The word “mantra” used to strike me as an embarrassingly cliche throwback to 1970s hippie culture. Or, that old SNL skit about Stuart Smalley building up his self-esteem by standing in front of a mirror and chanting “I’m good enough, I’m smart enough, and dog’gone it, people like me!”
But I kept reading about mantras in all my favorite places (Zenhabits for starters) and looked into it a little bit. I’m glad for that change of heart because they are really helpful!
Though it still echoes its origin in Vedic prayer, the word “mantra” can simply refer to an often repeated word or phrase that acts as a meditative focus or a daily reminder or whatever. For example, “Keep Calm and Carry On” is a pretty popular phrase that people might mutter to themselves in challenging times. Leaving aside Winston Churchill, people create their own personal mantras to motivate themselves through any number of specific daily conditions. And this is not just an individual motivator. As Guy Kawasaki noted, businesses create mission statements that can be condensed into a catch phrase mantras to motivate employees and convince customers.

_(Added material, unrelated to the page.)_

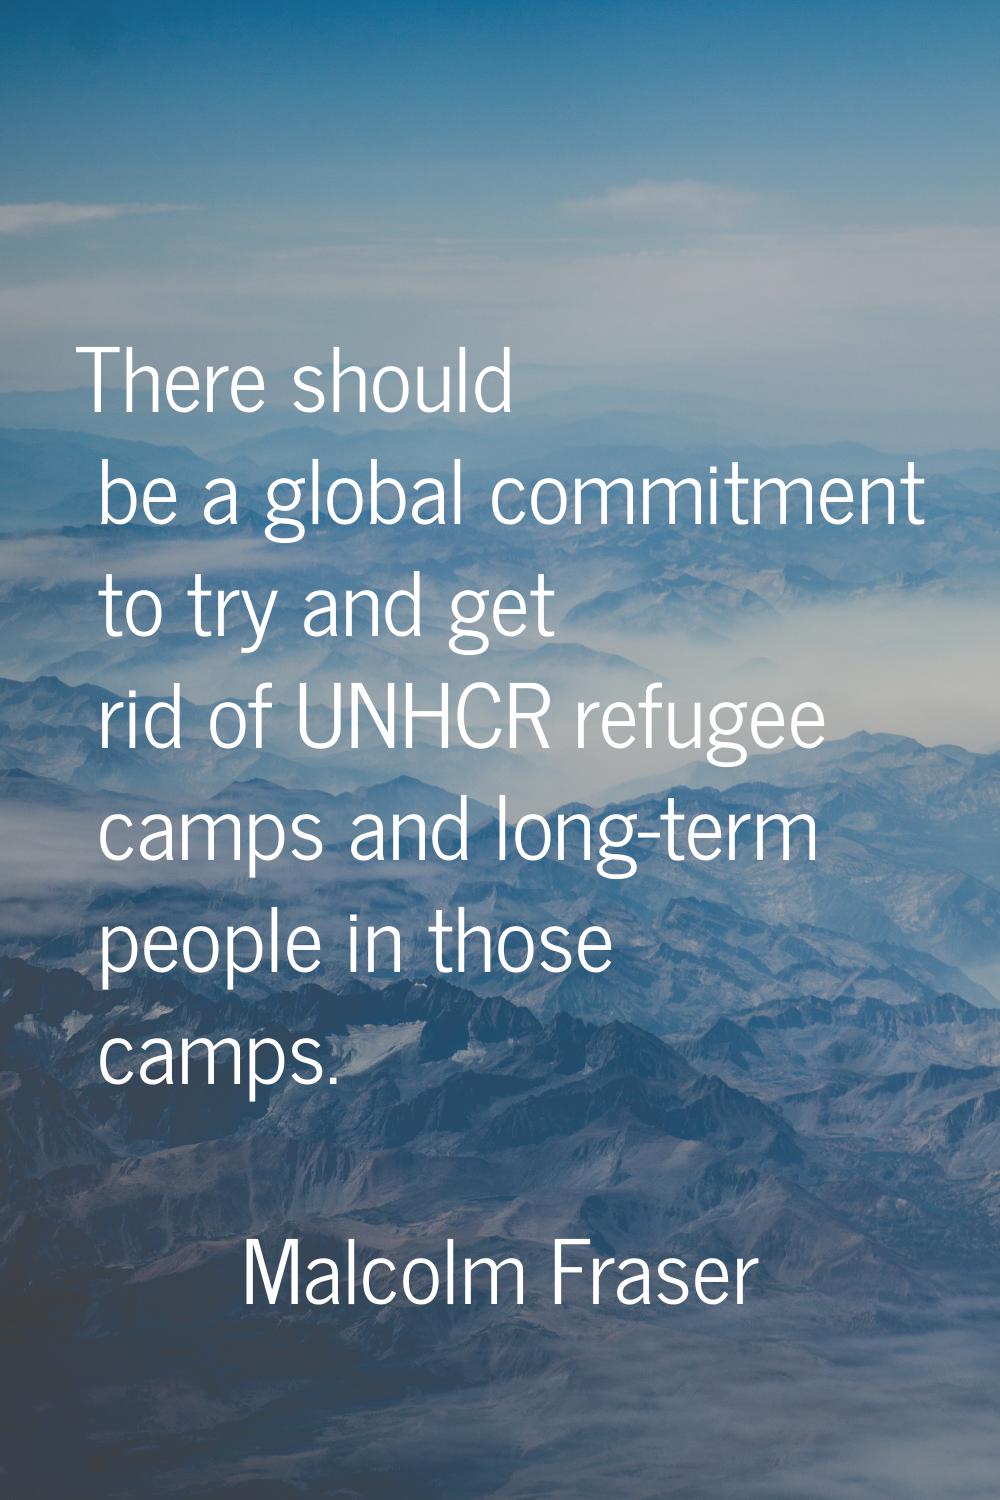 There should be a global commitment to try and get rid of UNHCR refugee camps and long-term people

When I sat down and thought through all of my goals for personal development, I began to condense those thoughts into mini mantras. This wasn’t intentional — it was just making a shorthand for ways I wanted to improve my life. And these little mantras change, depending on my challenge at the moment. Lately when I’m feeling anxious and overwhelmed, I find myself repeating “Here and Now. One By One” in my head. It is just a quiet reminder that the past is past (can’t go back and start that paper 3 years ago) and the future is yet to be determined (no need to fret about What Ifs). I’m in the Here and Now and I just need to move ahead one step at a time or One By One (aka. not multi-tasking and not getting ahead of myself). When working and suddenly feeling paralyzed by the long task ahead, I also find myself using Leo’s “Run Your Pace.” It isn’t a race but a long journey; I don’t need to beat others and win first prize. I just need get to the end at my own pace.

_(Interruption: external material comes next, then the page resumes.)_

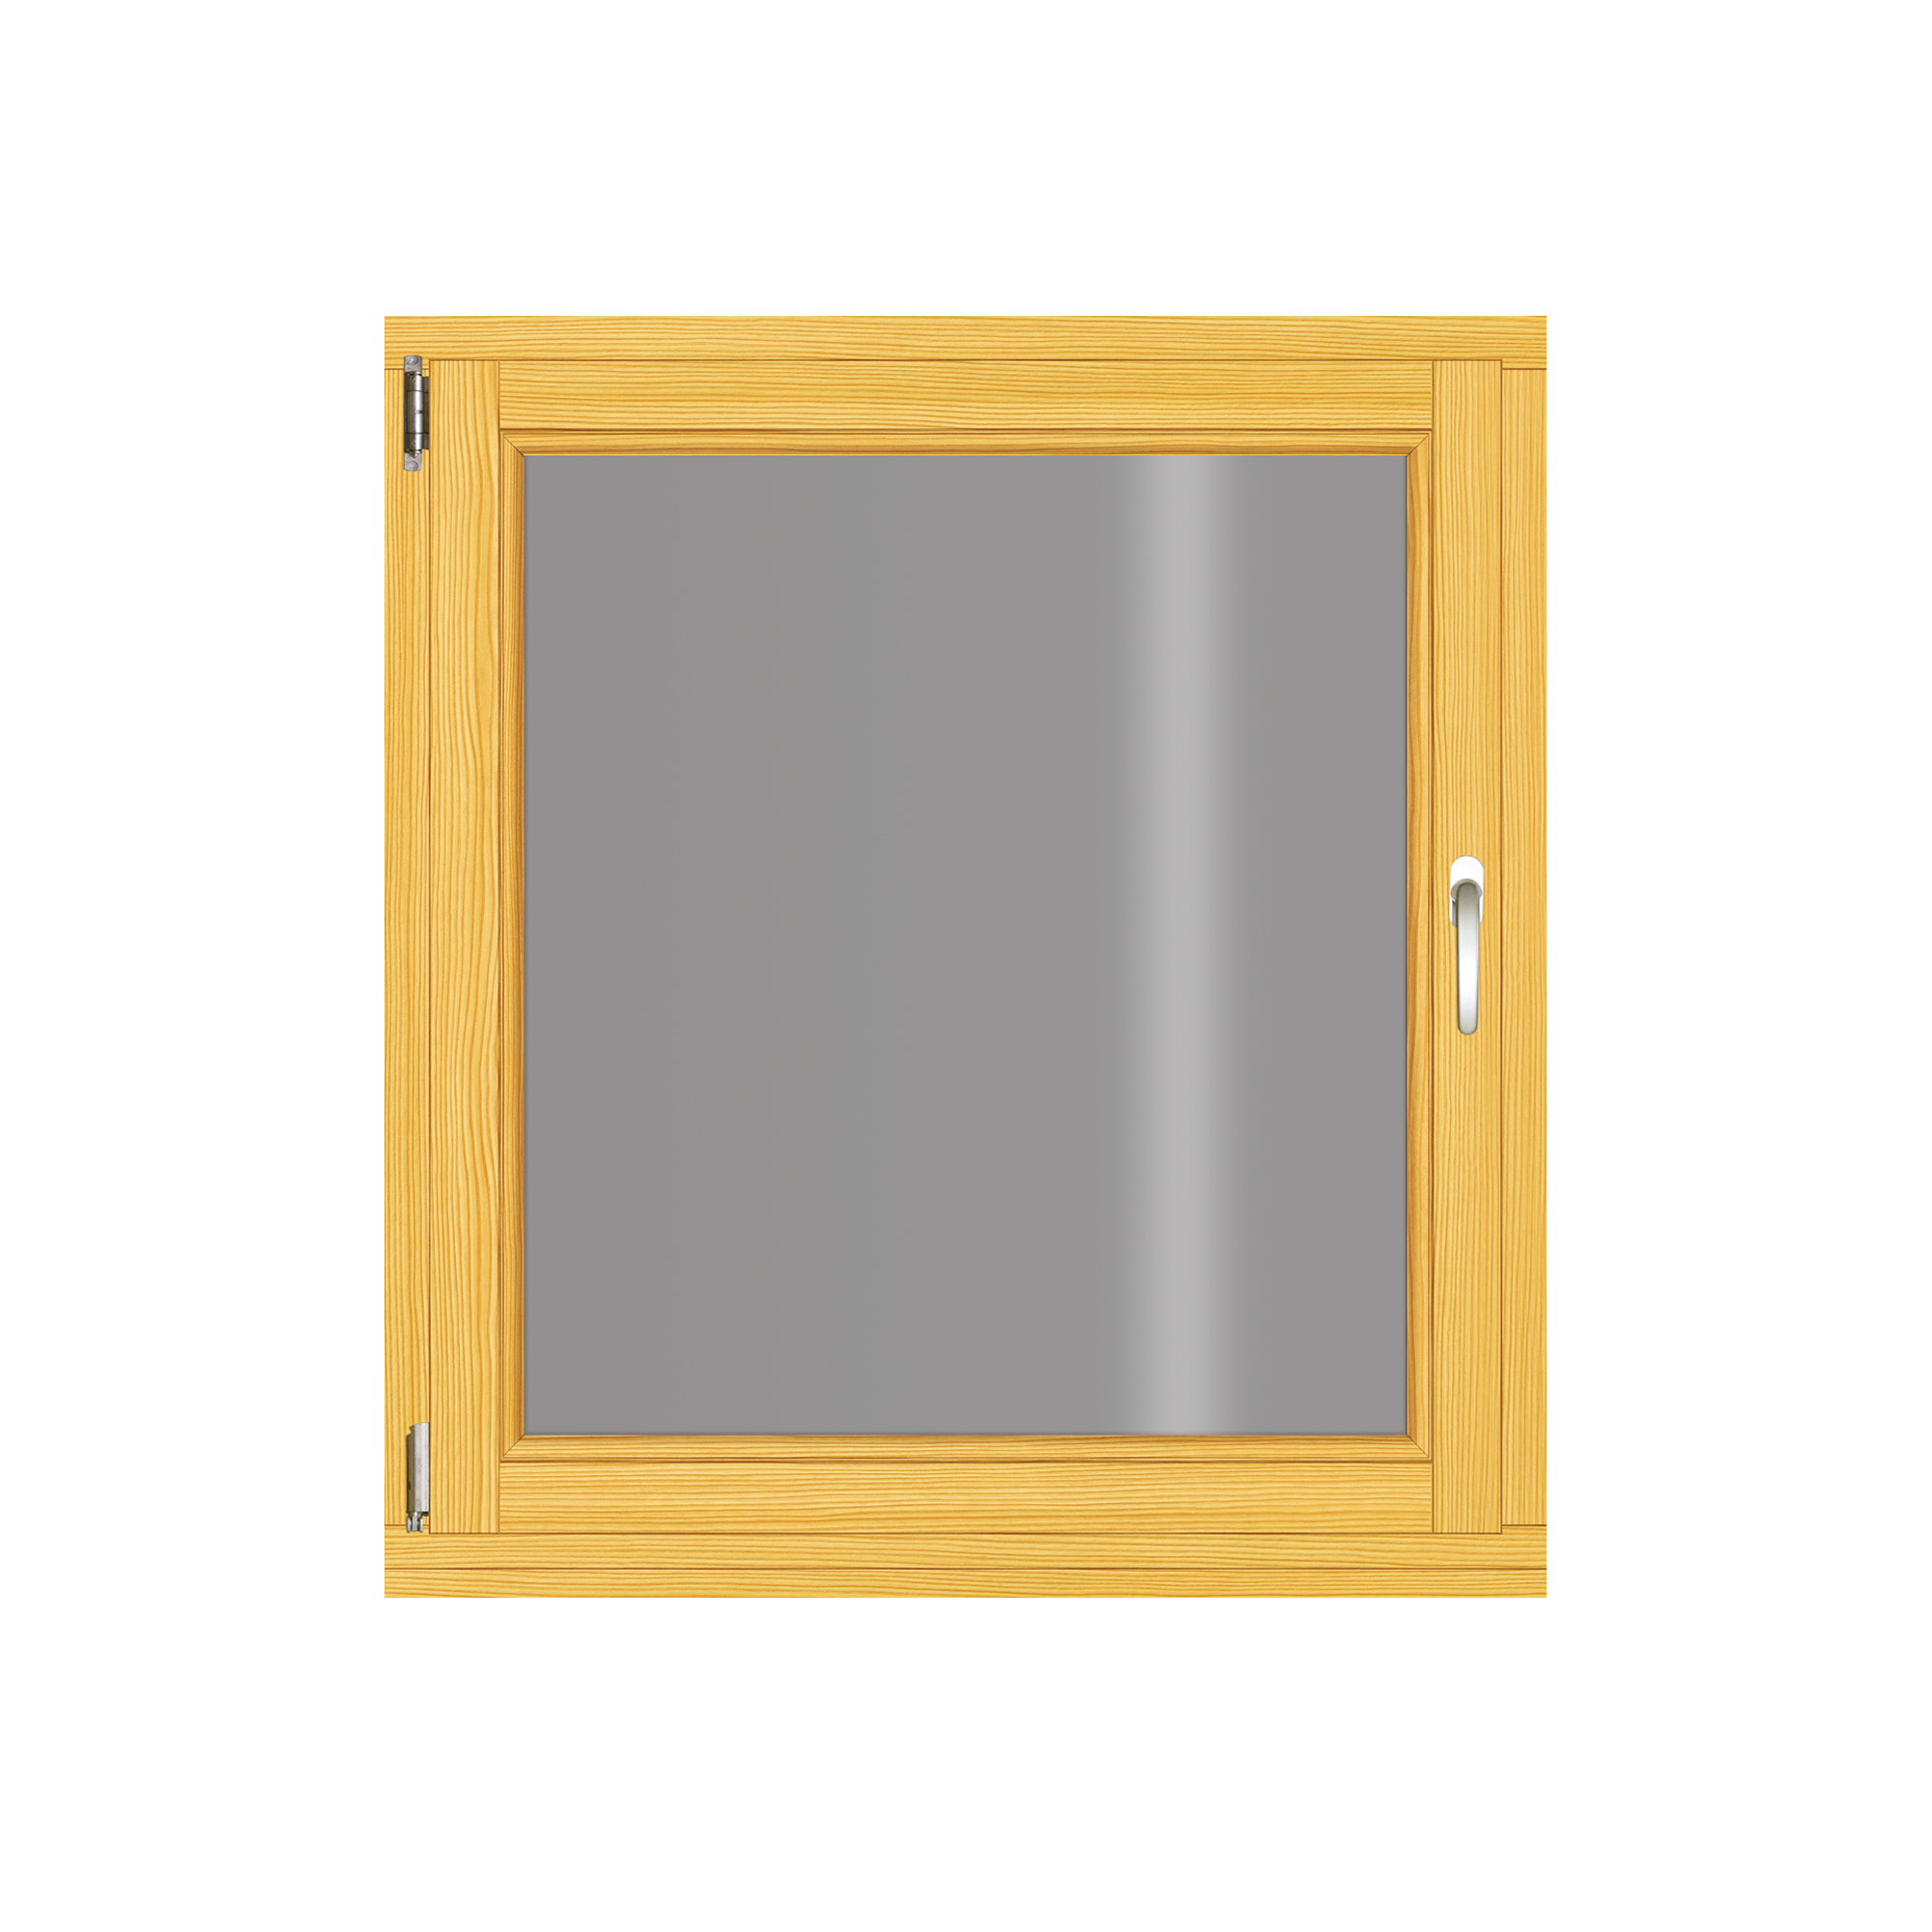 Holzfenster 780 x 980 mm Fichte DIN links + product picture

See, personally, I am never too TOO overwhelmed by work tasks. My stack of Time Management Productivity Self Improvement books have, despite my sort of sarcastic take on them, really helped me manage my day to day work. My problem is emotional management – how to deal with anxiety, depression, and just plain old crankiness. Put another way, my day is never derailed by an unexpected slew of emails or work problem. It is derailed by, say, me suddenly coming across a job call and freaking out about how I’ll never finish and be employed and get over imposter syndrome and boo hoo panic attack lets curl up in bed and eat licorice instead of A) preparing a job application or B) finishing my dissertation.
So when things are really bad, my current mantra is, “(I can) Choose an Action” (which yes, yes, is not grammatically correct but that’s not really the point). The emphasis on choice can be explained by an earlier post on getting out of learned helplessness. In short, if you remind yourself that you have control of your life, you will see avenues for escape. The emphasis on action is a throw back to David Allen’s classic Getting Things Done: The Art of Stress-Free Productivity.
I just pause, remind myself of this mantra as many times as I need, and try to calm down. And it works!
So in summary:
Here and Now. One By One.
Run Your Pace.
(I can) Choose an Action.
Because I’m good enough, I’m smart enough, and dog’gone it, people like me.